Выбрать главу

Я сам бы остался, бабки во как нужны! — стал вслух размышлять Рустам, понимая что нельзя сразу отказывать коллегам, в жизни всякое бывает, нам тоже могла когда — нибудь понадобится их помощь. — Да у пацана сегодня день рожденья.

— Поздравляю! Сколько лет пацану?

— Три. Жена стол готовит, теща заявится…

— Да, теща — это святое, — согласился Сява.

— А Тагир только третий день из отпуска, — продолжил дипломатические переговоры наш бригадир.

— Да, сломаться может, — опять понимающе кивнул эстонец.

Действительно, выдержать даже одну смену на погрузке селитры неподготовленному человеку было крайне тяжело, просто невозможно. А тут предстояло отпахать кряду 16 часов. Спортсмен — тяжелоатлет международного уровня, готовясь к престижным соревнованиям, за одну тренировку в различных упражнениях и подходах поднимает в суммарном объеме общий вес до 20–25 тонн. Грузчик же на селитре за смену перетаскивает 65–80 тонн груза! За две смены — соответственно 130–180 тонн!

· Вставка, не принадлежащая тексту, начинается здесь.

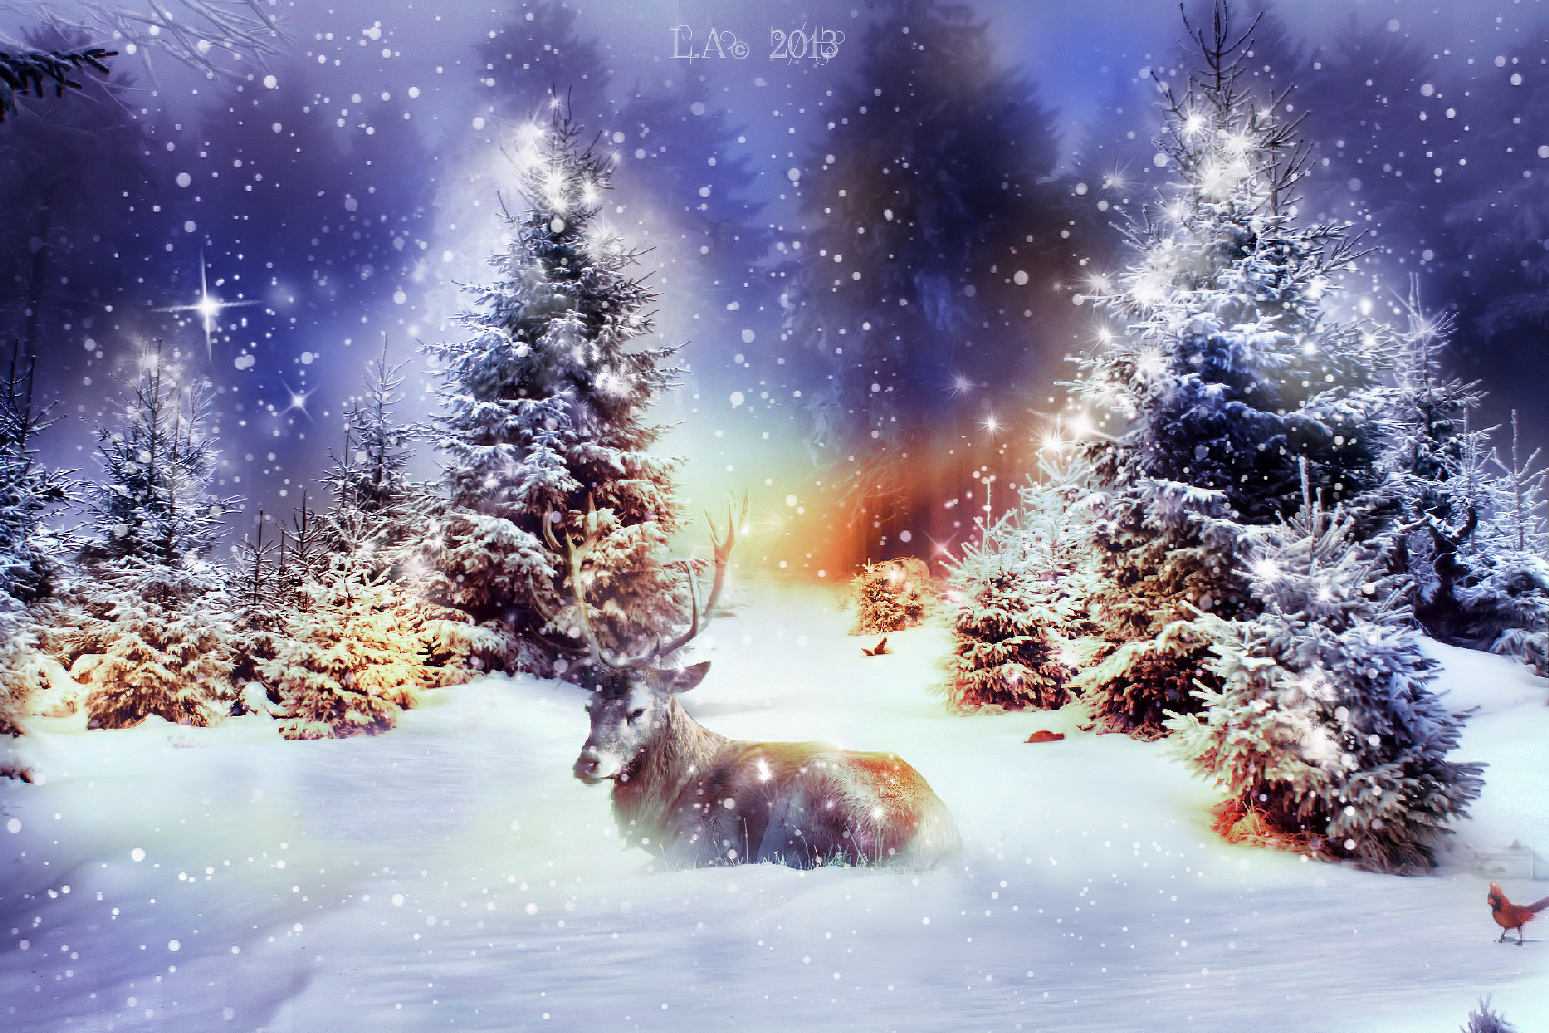 Winter Christmas Wallpaper Mobile at Landscape Monodomo 1549x1033

Я пару раз выходил на подмену. Тяжело, конечно, но не смертельно. Придется выручать ребят, все к этому и склоняется, просто Рустам тянет резину, хочет, чтобы я сам предложил свои услуги.

— Хорошо, у меня вечер сегодня свободный, я подменю.

— Ну вот и ладушки, — обрадовался Сява, дружески похлопал меня по плечу и почапал в раздевалку переодеваться.

— Смотри, они там под допингом пашут, ты этим особо не увлекайся, а то и сам подсядешь, — прощаясь, предупредил меня Рустам.

Бригада Сявы была особенной. Все ее члены — бывшие зеки — покуривали травку. Поэтому Рустам так менжевался, хотел, наверное, уберечь меня от дурного влияния. Но выбора у нас не было — сегодня откажешься ты, завтра откажут тебе.

Вопреки ожиданию первый вагон мы отгрузили быстро и легко. Усталости я ещё не чувствовал. Правда, Сява благородно отстранил меня «от серёдки», сказав, что «бить серёдку» он будет сам с Кάзай — третьим грузчиком их бригады.

Тонкие черты лица, голубые глаза, длинные белокурые волосы, перевязанные на лбу красной тесёмкой — было в облике Сильво что — то разбойничье — аристократическое, несмотря на его плебейский наряд селитрового грузчика. Независимый взгляд и распахнутая рубашка, обнажавшая мускулистую грудь с золотой цепочкой дополняли этот портрет вольного викинга северных морей, непонятно каким ветром занесенного в горячие южные степи.

Я вспомнил, что видел Сильво и раньше, до того, как перешел в цех селитры из лаборатории азота, где работал слесарем. Однажды в сумерках, задержавшись на заводе, я пешком возвращался домой через большой пустырь и наблюдал такую картину. Три подвыпивших блатаря с фирменными финками, заточенными на местной зоне, гонялись за каким — то высоким блондином. Безоружный Сильво — а это был он — убегал от докопавшихся до него бандюков. Убегать — то он убегал, но как — то странно, вроде как понарошку. Сильво вдруг резко останавливался, хлыстал своих преследователей брючным ремнем, ловко уворачивался от ответных ударов и бежал в противоположном направлении. Если бы я тогда уже был знаком с Сильво, то, конечно, вступился бы за него…

Во время короткого ужина — бутылка кефира, помидоры, пара бутербродов, которые раскладывались тут же на бетонке железнодорожной платформы — Сява «забил косяк». Из папиросы «Беломор канал» вытряхивался на ладонь весь табак и смешивался с зеленой, похожей на пластилин массой — анашой. Затем все тщательно и долго разминалось пальцами и забивалось обратно в ствол беломорины. «Косяк» готов!

— На, дёрни! — передал мне Сява издающую резкий характерный запах папироску. — И вдыхай, медленно, глубоко, жуй, как хлеб.

Я поперхнулся, слишком глубоко вдохнув в себя дым. Две следующие затяжки я совершил более удачно и передал анашу Казе.

Тот, блаженно зажмурив глаза, стал жадно втягивать в себя дурманящее зелье. Уже после второго круга Каза стал над чем — то громко и, как мне показалось, беспричинно хохотать.

— Ты я, вижу, у нас недавно, привыкаешь? — участливо спросил Сява.

— Как недавно, уже второй год… Да ничё, нормально.

— Сейчас еще нормальней будет, — пообещал бригадир и протянул мне дотлевающую папиросу.

— А ты зачем меня от «серёдки» оттёр, не доверяешь? — в голове что — то зашумело.